Fig. 9.1
Surface anatomy of the knee – medial view
Fig. 9.2
Surface anatomy of the knee – anterior view
There are four major ligaments of the knee, the anterior cruciate ligament (ACL), which inserts on the anterior tibia; the posterior cruciate ligament (PCL), which inserts on the posterior portion of the tibia; the tibial (medial) collateral ligament; and the fibular (lateral) collateral ligament. The ligaments passively support the knee joint. The menisci located medially and laterally function as shock absorbers, improve stability, and provide nutritional support to the knee [1]. The basic anatomy of the knee is shown in Fig. 9.3.
Fig. 9.3
Basic external and internal anatomy of the knee. Left. External view. Right. Internal view
Red Flags
1.
An acutely effused knee with history of trauma: fracture must be ruled out (see below).
2.
A red, hot knee joint. While other pathologies may exist, with an isolated red, hot joint, consideration must be given to septic arthritis.
3.
Patients with systemic symptoms or multijoint involvement. These patients are likely to have a systemic condition and should be appropriately evaluated.
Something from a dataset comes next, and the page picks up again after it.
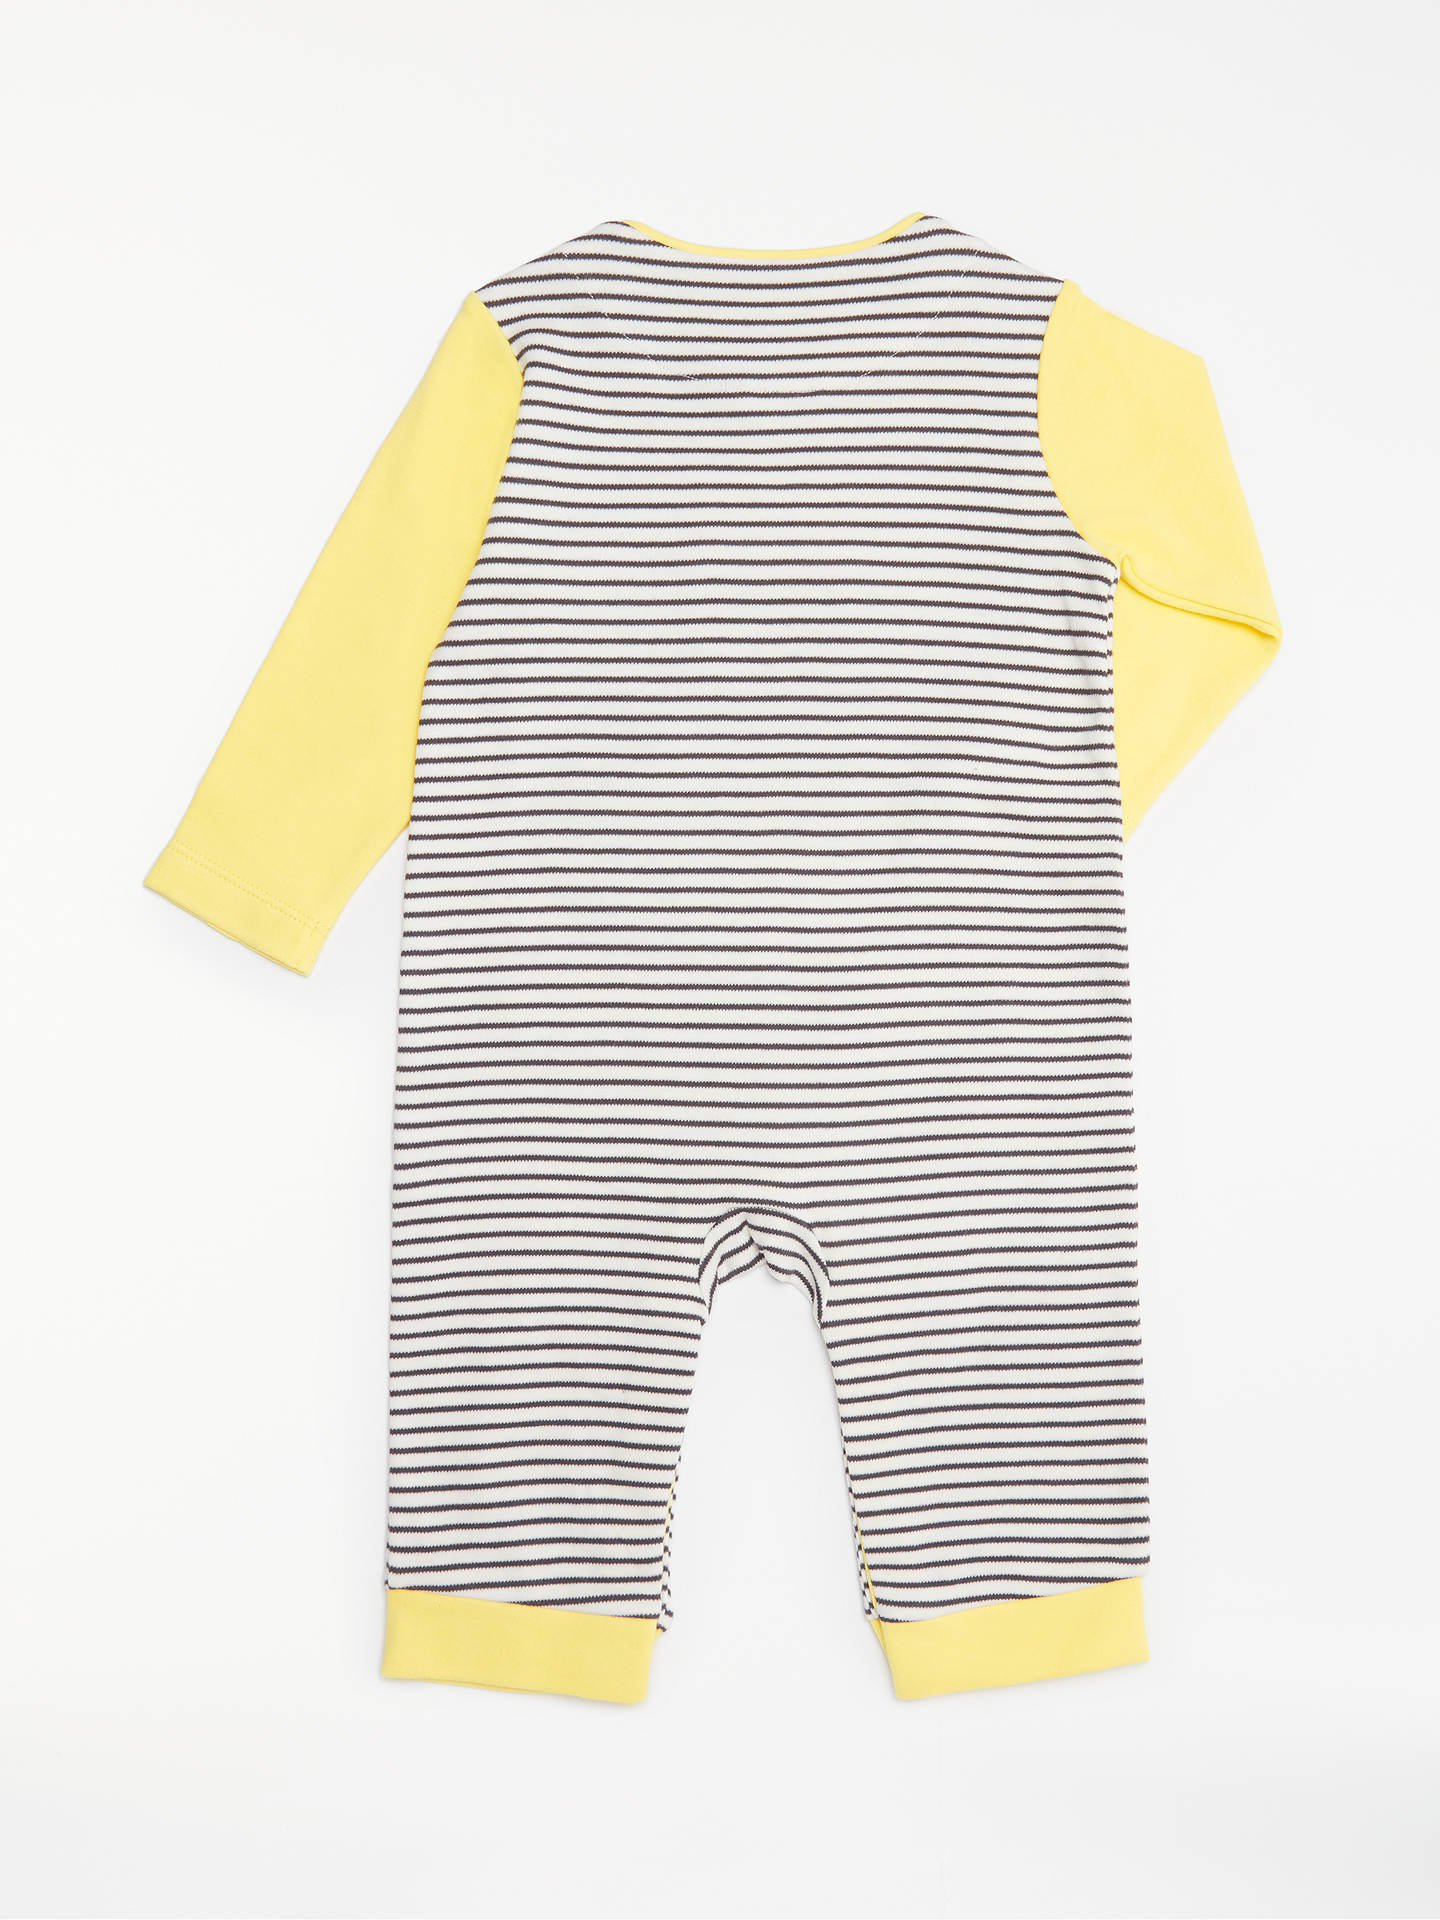 a2bb40d23 John Lewis Baby GOTS Organic Cotton Stripe Bunny Long Sleeve Romper ...

General Approach to the Patient with Knee Pain
When a patient presents to a clinician with knee pain, a rapid diagnosis can be facilitated by asking a few simple questions. Age, mechanism of injury, location of pain, history of swelling and the reason the patient presented today at this particular place and time all provide great clues as to the pathology present. For example, a preteen with no trauma who presents with nonspecific knee pain on a Friday afternoon urgent care clinic because the discomfort was too great to wait for an appointment with his primary healthcare provider would raise one’s suspicion for an unusual problem. When physical exam reveals that the pain is reproduced by internal rotation of the ipsilateral hip, the diagnosis of a slipped femoral epiphysis should be strongly considered. A positive straight leg test would point toward spinal pathology that can masquerade as leg pain.
Determining what conditions worsen the pain and which relieves the pain is also important. For example, increased pain at rest and decreased pain with activity point to a non-musculoskeletal etiology of the patient’s problem.
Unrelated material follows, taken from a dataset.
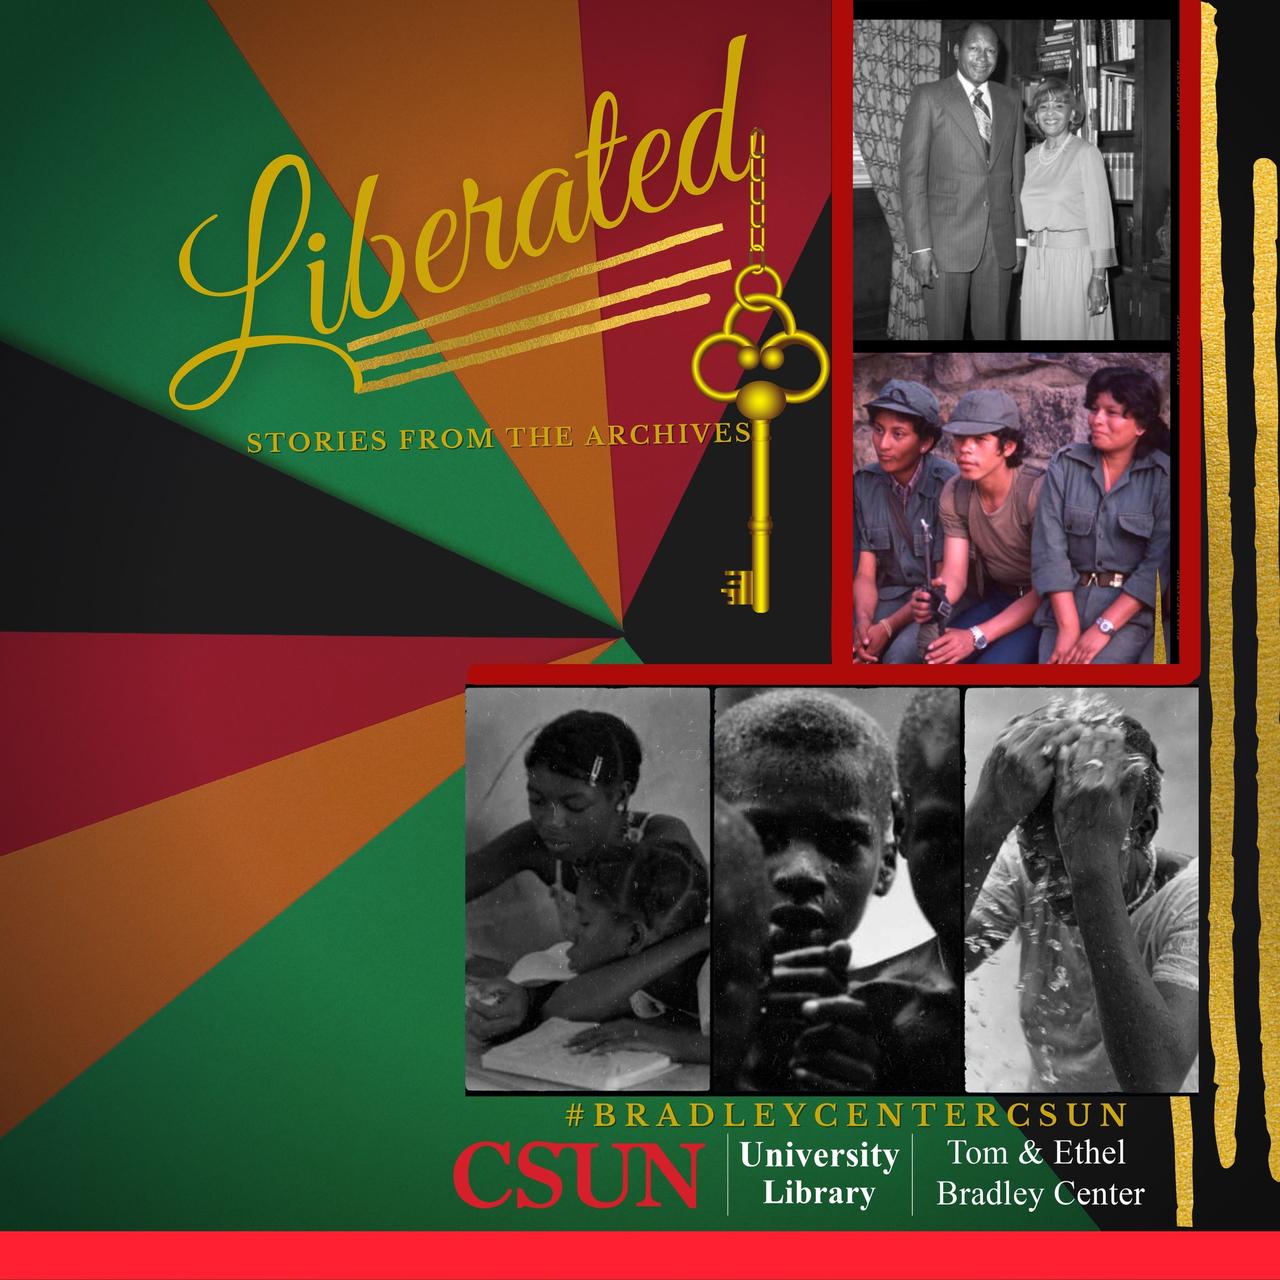 Liberated | Bradley Center CSUN

Determining the mechanism of injury is also essential. If a patient falls directly on their patella and if their foot is plantar flexed, there is an increased risk of a PCL tear as opposed to a patient who falls with his foot dorsiflexed, where there is an increased risk of a patellar fracture or a resultant osteochondral lesion of the posterior aspect of the patella. Patients who injure their knee when it is in complete extension have an increased risk of ACL or meniscal tear, whereas patients who fall on a flexed knee have an increased risk of a PCL tear. There are a number of protocols that can be helpful in determining if the patient is in need of radiography. See Table 9.1 [2].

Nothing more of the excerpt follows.